* **Goal of the exercise**: Print the data below again in full, exactly as it stands, with no images.

* **Provided data**:
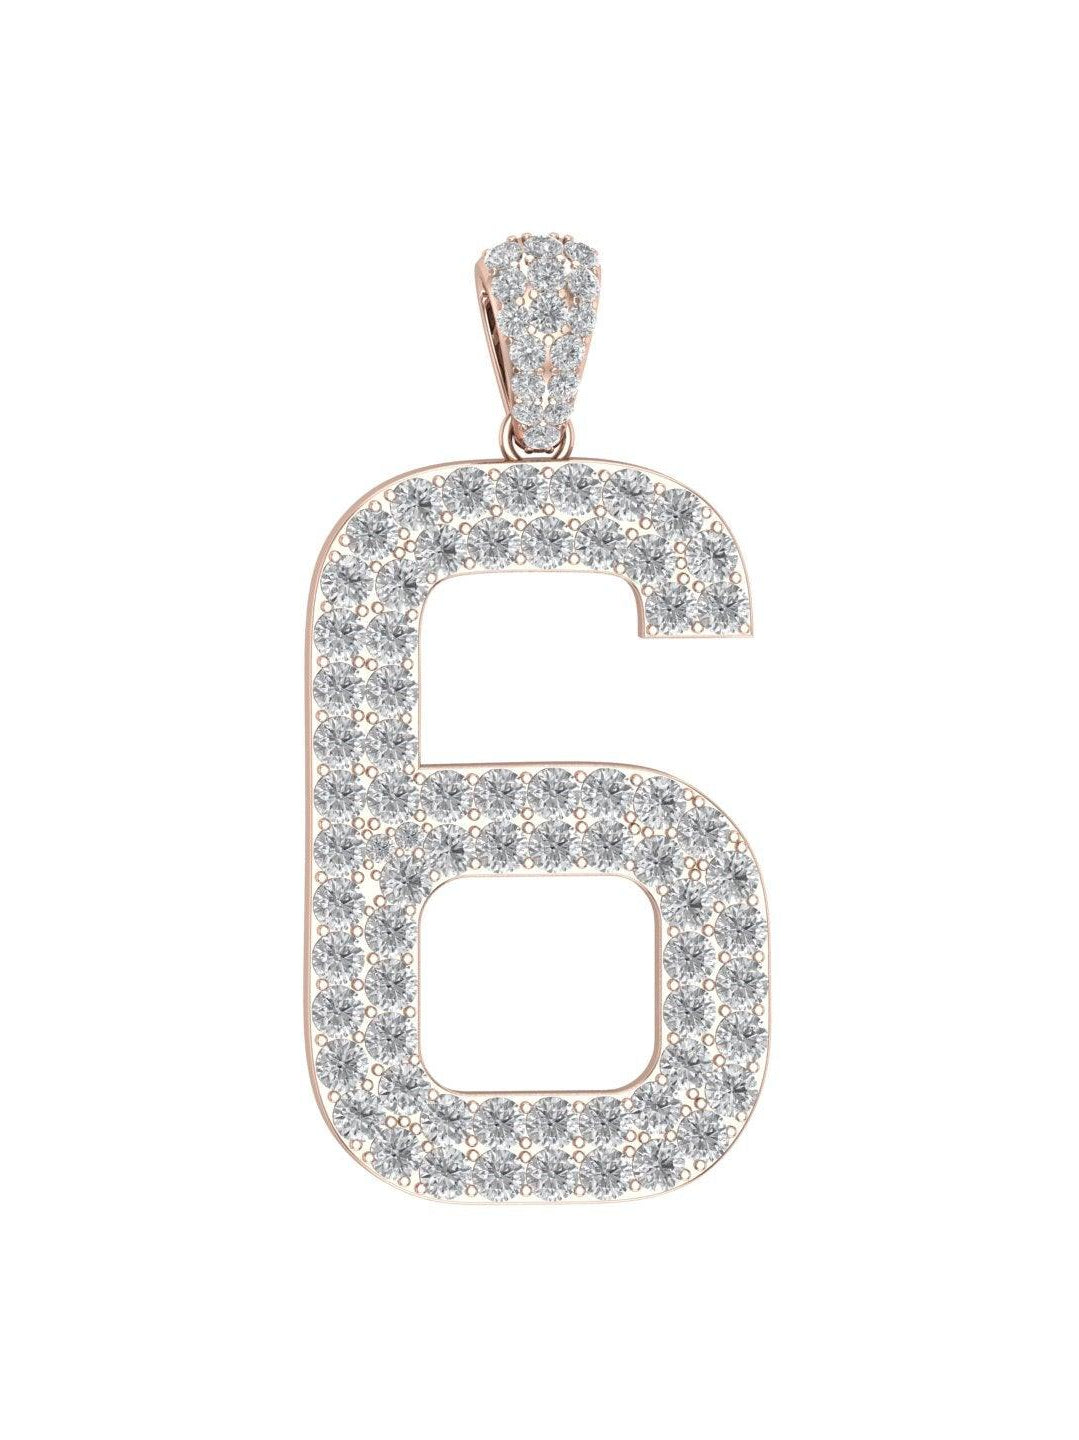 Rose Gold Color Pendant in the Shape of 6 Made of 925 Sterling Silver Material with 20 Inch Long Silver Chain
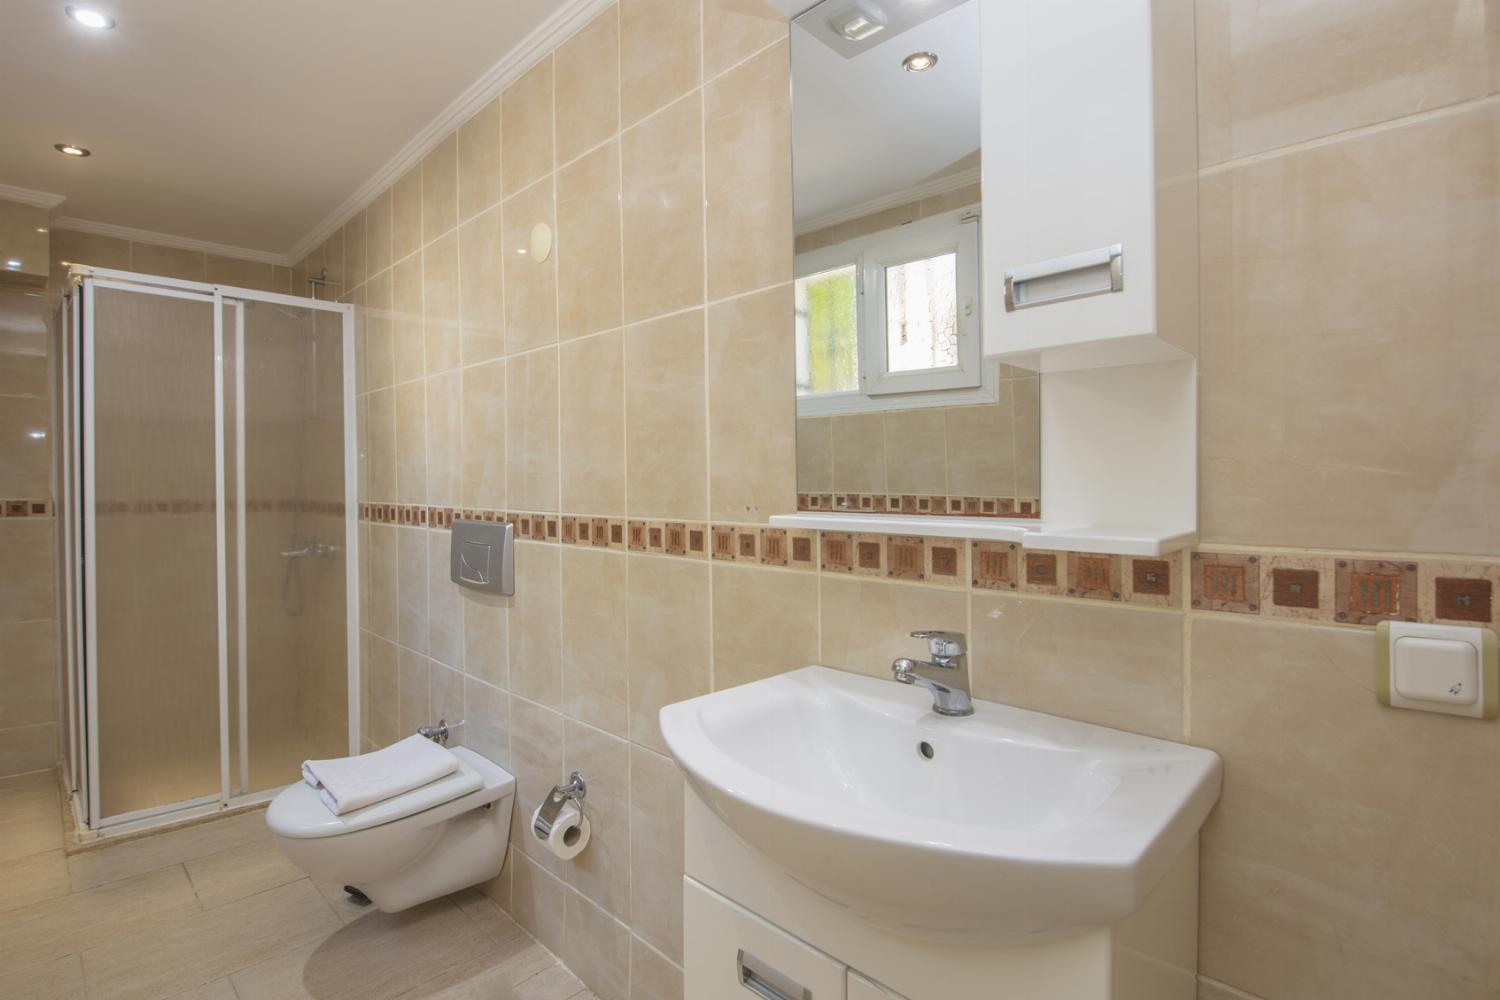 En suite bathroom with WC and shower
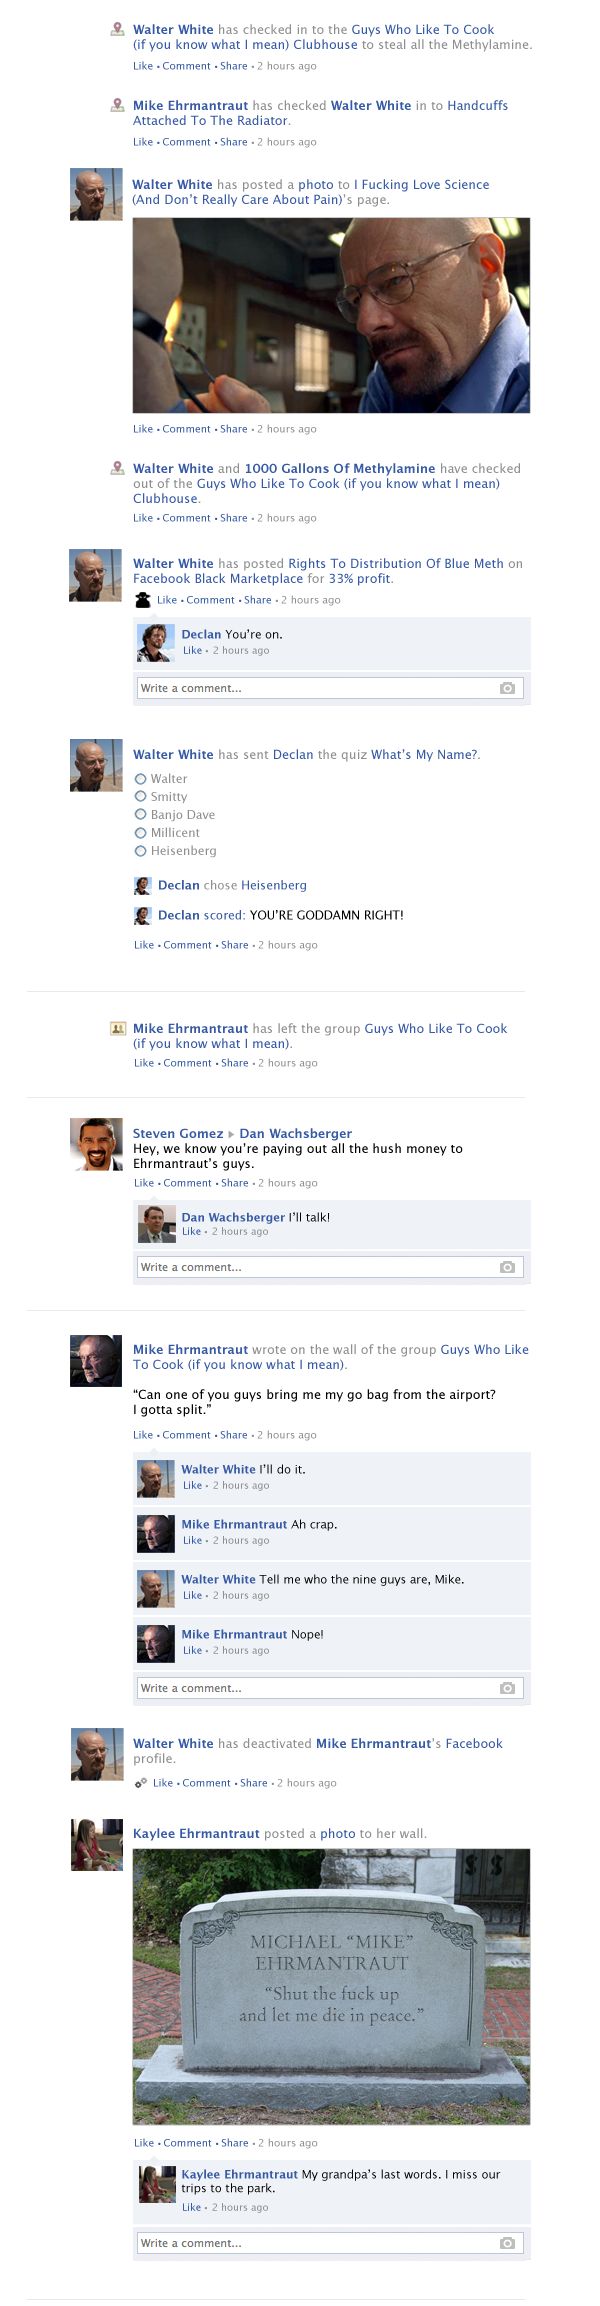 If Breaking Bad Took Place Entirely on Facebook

* **Answer box**:
 Rose Gold Color Pendant in the Shape of 6 Made of 925 Sterling Silver Material with 20 Inch Long Silver Chain
 En suite bathroom with WC and shower
 If Breaking Bad Took Place Entirely on Facebook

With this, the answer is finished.